Data sets used in the empirical evaluationWe compare st in addition to ard meta-analysis with consensus network analysis in three comprehensive in addition to unbiased empirical studies: (1) Find genes predictive of lung cancer survivalGold st in addition to ard=cell proliferation related genes(2) Find age related DNA methylation markersGold st in addition to ard= Polycomb group target genes(3) Find genes related to total cholesterol in mouse liver tissuesGold st in addition to ard= immune system related genes R code in the WGCNA packageFor st in addition to ard screening, we used the metaAnalysis function For finding hubs in consensus modules, we used the consensusKME function

Hanson, Jonathan Overland Journal Executive Editor www.phwiki.com

ResultsThe results demonstrate that intramodular hub gene status is more useful than a meta-analysis p-value when identifying biologically meaningful gene lists (reflecting criterion 1). However, meta-analysis methods per as long as m as good as (if not better) than a co-expression network approach in terms of validation success (criterion 2).Comparison of co-expression measures: mutual in as long as mation, correlation, in addition to model based indicesL. Song, P. Langfelder et al 2012 BMC Bioin as long as matics (2012), 13:328.Content

Network=Adjacency MatrixA network can be represented by an adjacency matrix, A=[aij], that encodes whether/how a pair of nodes is connected.A is a symmetric matrix with entries in [0,1] For unweighted network, entries are 1 or 0 depending on whether or not 2 nodes are adjacent (connected)For weighted networks, the adjacency matrix reports the connection strength between node pairsOur convention: diagonal elements of A are all 1.Two types of weighted correlation networksDefault values: =6 as long as unsigned in addition to =12 as long as signed networks.We prefer signed networks Zhang et al SAGMB Vol. 4: No. 1, Article 17.Measures the mutual dependency of two r in addition to om variables.For categorical variable DX, DY: p(ldxr), p(ldyc) st in addition to s as long as the frequency of the r-th in addition to c-th level of dx, dy.

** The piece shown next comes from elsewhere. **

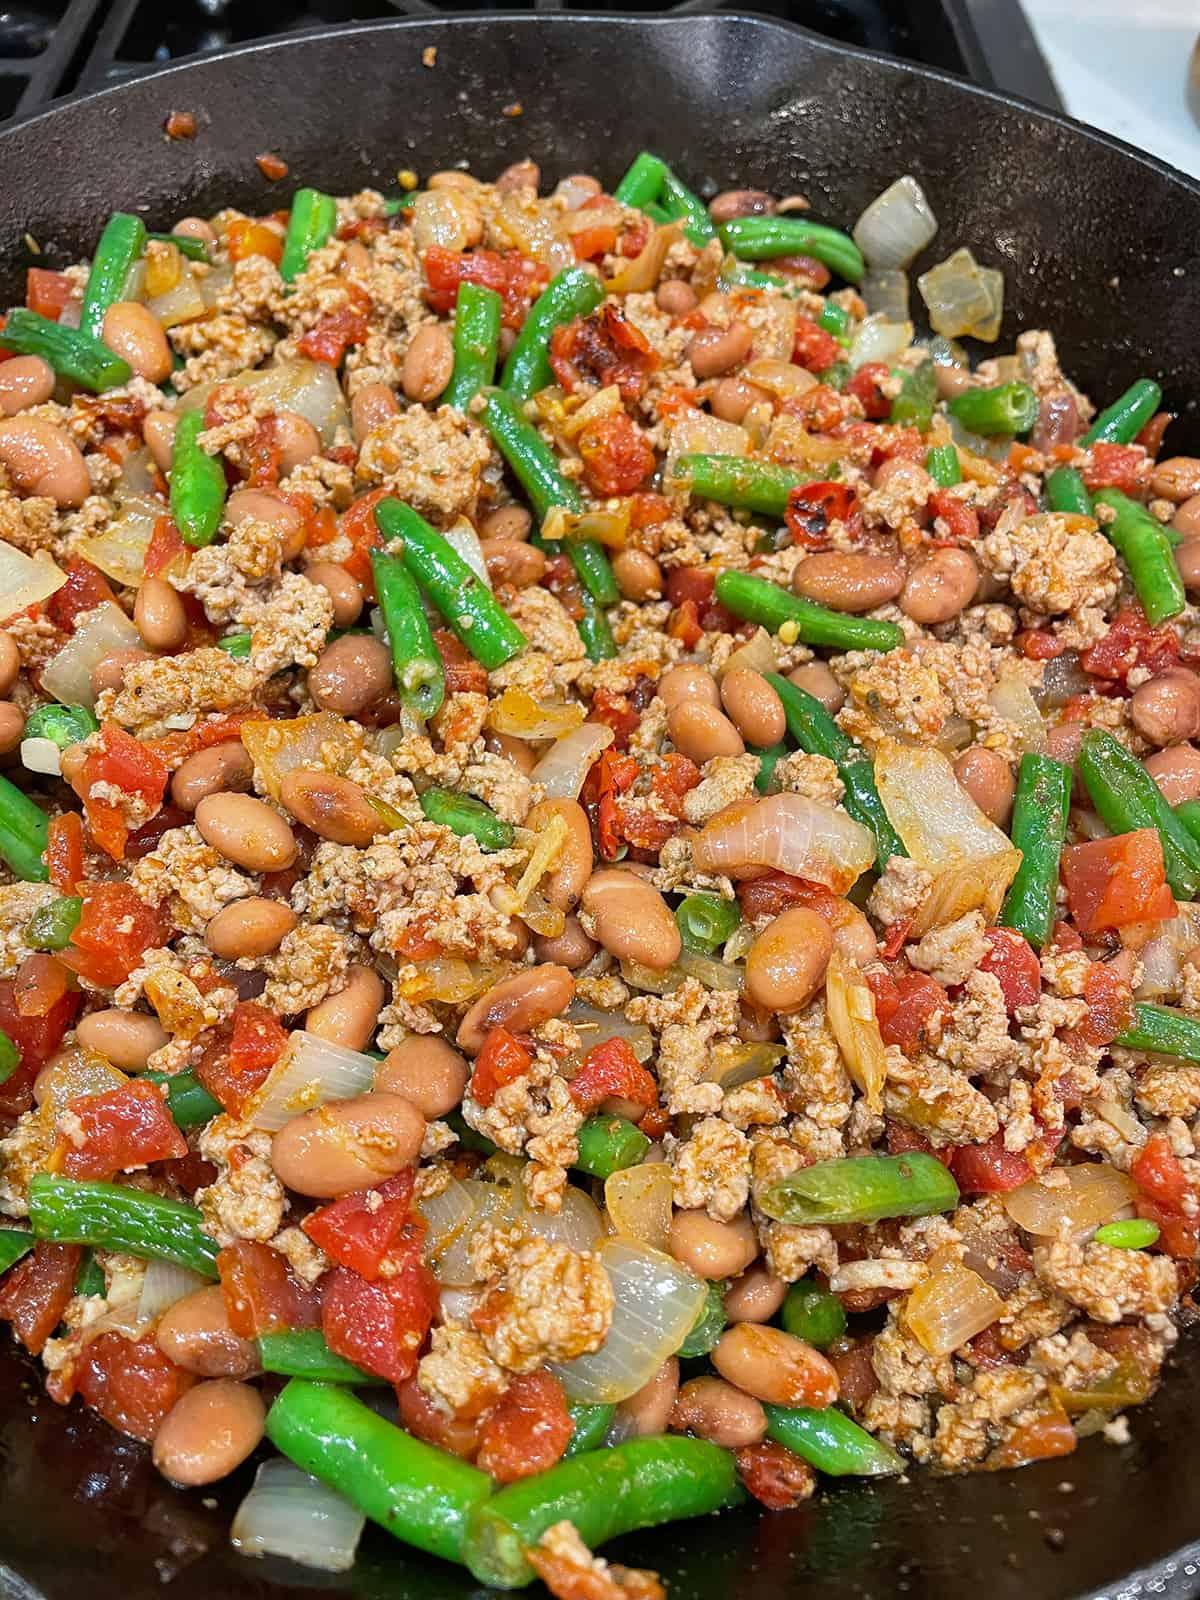 Healthy ingredients cooking in a pan

Entropy(dx, dy) st in addition to s as long as the joint entropy of variable dx in addition to dy.For continuous variable, e.g. gene expression data, it is not straight as long as ward to estimate MI. Need to choose variable discretization method.Need to choose entropy estimation method.Estimate of MI depends on sample size: poor estimate as long as small sample sizeEstimation is computational challenging.Mutual in as long as mation: an in as long as mation theory concept> =0

The per as long as mance in constructing gene regulatory network in E. coli. Figure 6. Allen JD, et al. (2012) PLoS ONE 7(1): e29348. doi:10.1371/journal.pone.0029348WGCNA per as long as ms consistently well across different choices of the specificity

Hanson, Jonathan Executive Editor

Hanson, Jonathan is from United States and they belong to Overland Journal and they are from  Prescott, United States got related to this Particular Journal. and Hanson, Jonathan deal with the subjects like Motorcycles; Off-Road Vehicles

Journal Ratings by Odessa National Maritime Academy

This Particular Journal got reviewed and rated by Odessa National Maritime Academy and short form of this particular Institution is UA and gave this Journal an Excellent Rating.